Estimation du net avant impôt sur le revenu (~22 % de charges). Le montant réel varie selon le statut et la convention collective. SMIC net mensuel ≈ 1 427 €.
Il n'existe pas de diplôme portant exactement ce nom. La voie la plus directe est le CAP taxidermiste, préparé en 2 ans après la 3e (ou 1 an après un autre diplôme), presque exclusivement en apprentissage : il n'est proposé que dans très peu d'établissements en France, principalement le CFA de la SEPR à Lyon. Le programme couvre l'anatomie, la physiologie, la chimie, le dessin, le traitement des peaux, le montage et le moulage.
D'autres chemins mènent au métier : une formation manuelle (moulage, céramique, métiers d'art, prothèse) complétée par un apprentissage sur le tas auprès d'un préparateur confirmé, ou un cursus scientifique (licence de biologie ou de sciences de la Terre) pour les postes de préparateur en muséum ou en laboratoire de paléontologie.

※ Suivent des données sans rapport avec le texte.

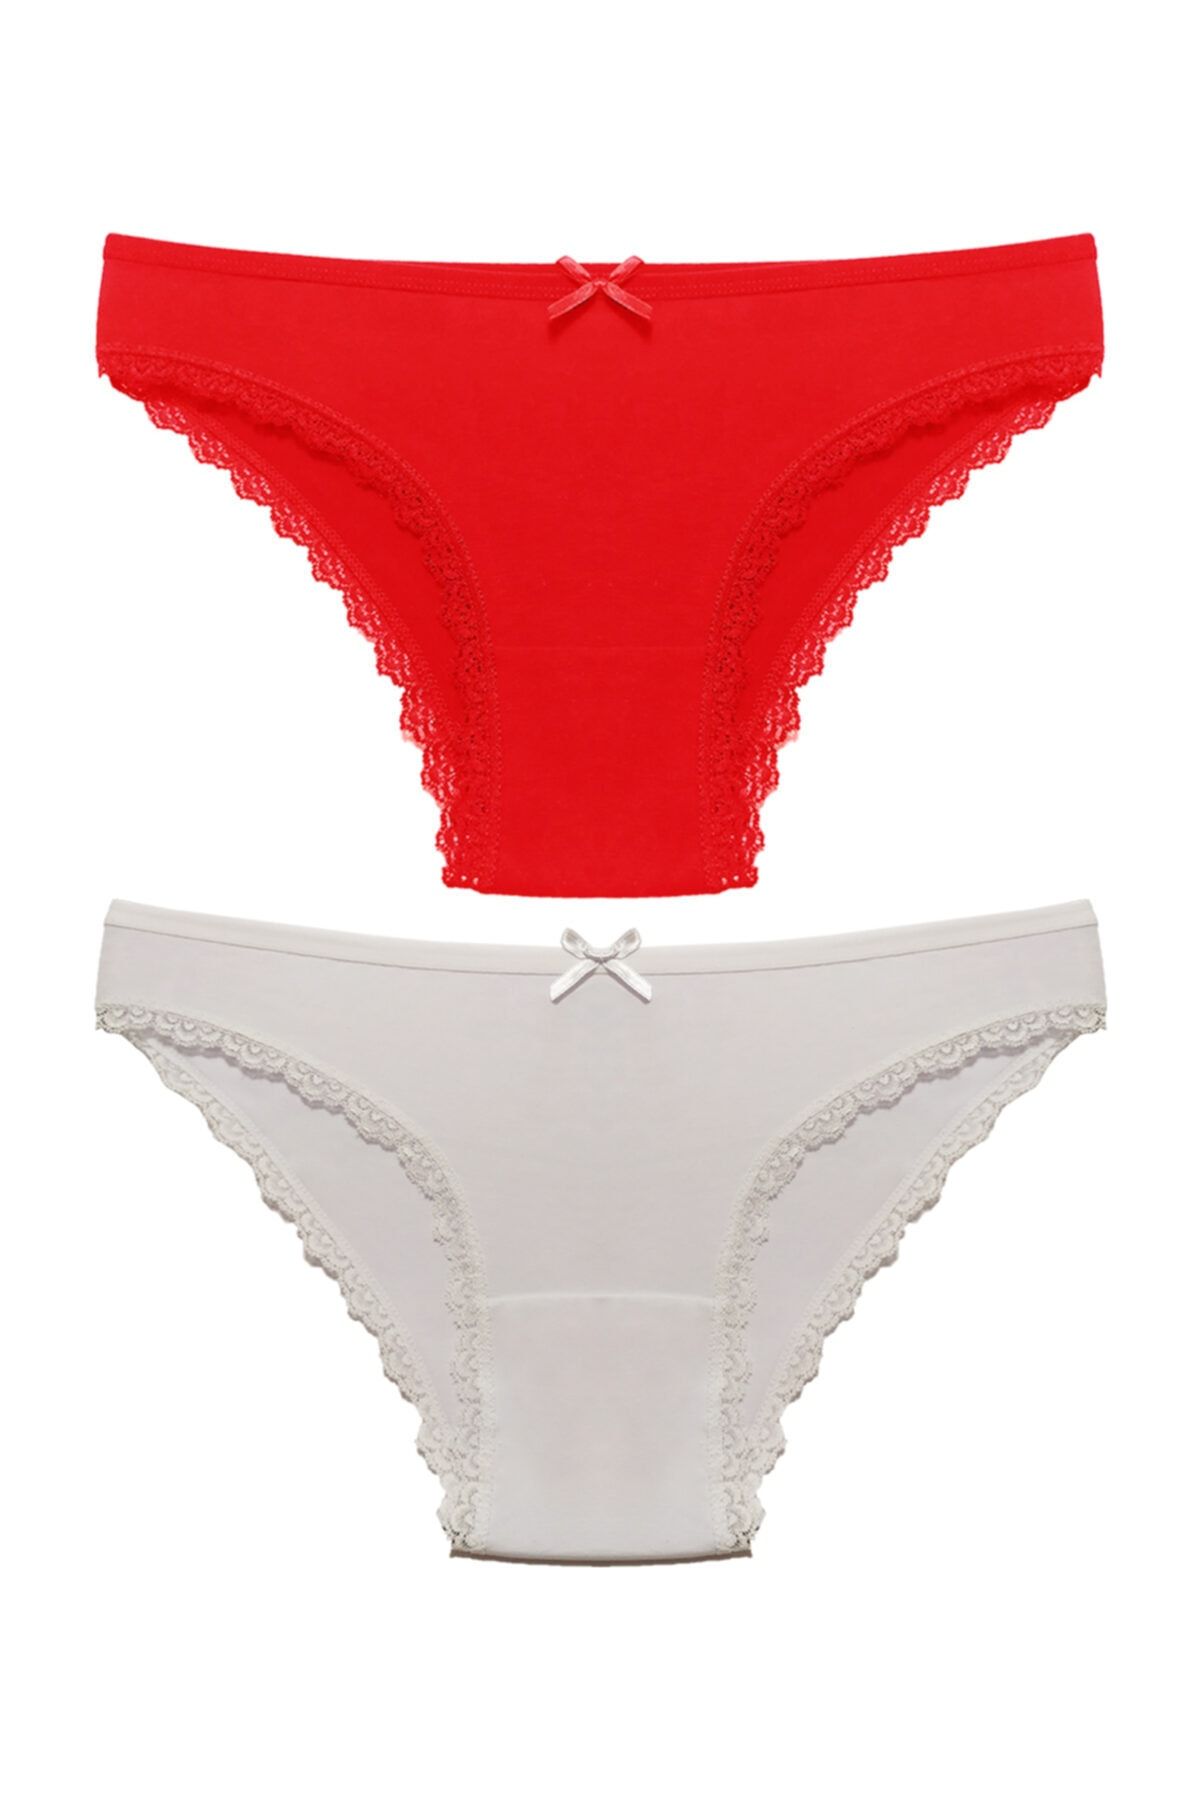 Liona 2 Li Paket Düz Renk Kenarları Dantelli M Beden Kadın Bikini Külot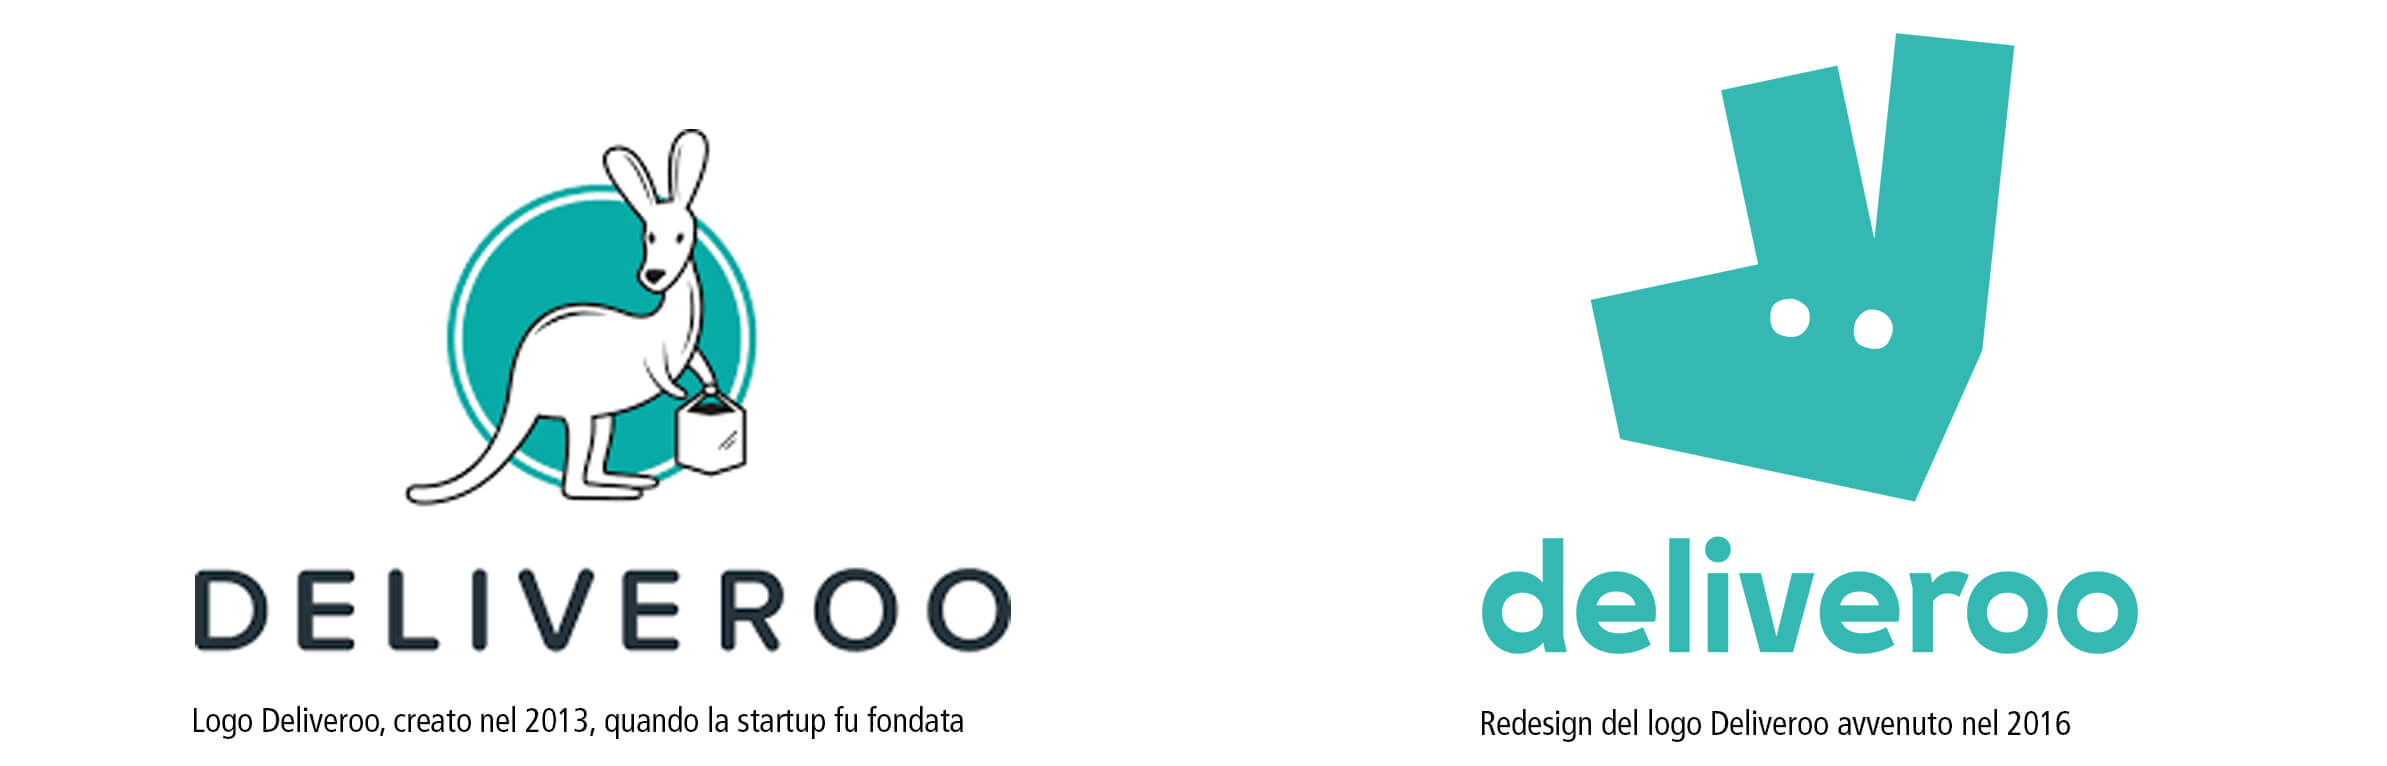 Logo Deliveroo - Versione precedente e versione rebrand

Dans la fonction publique, on entre le plus souvent par les concours de technicien ITRF ou de technicien territorial, où le diplôme demandé va du bac à la licence, la pratique de l'atelier faisant la différence.
Dans tous les cas, l'expérience compte plus que le diplôme : stages en muséum, immersion dans un atelier, portfolio de réalisations. Une passerelle fréquente est la formation continue en conservation-restauration, ou un master conservation-restauration des biens culturels pour évoluer vers la gestion de collections.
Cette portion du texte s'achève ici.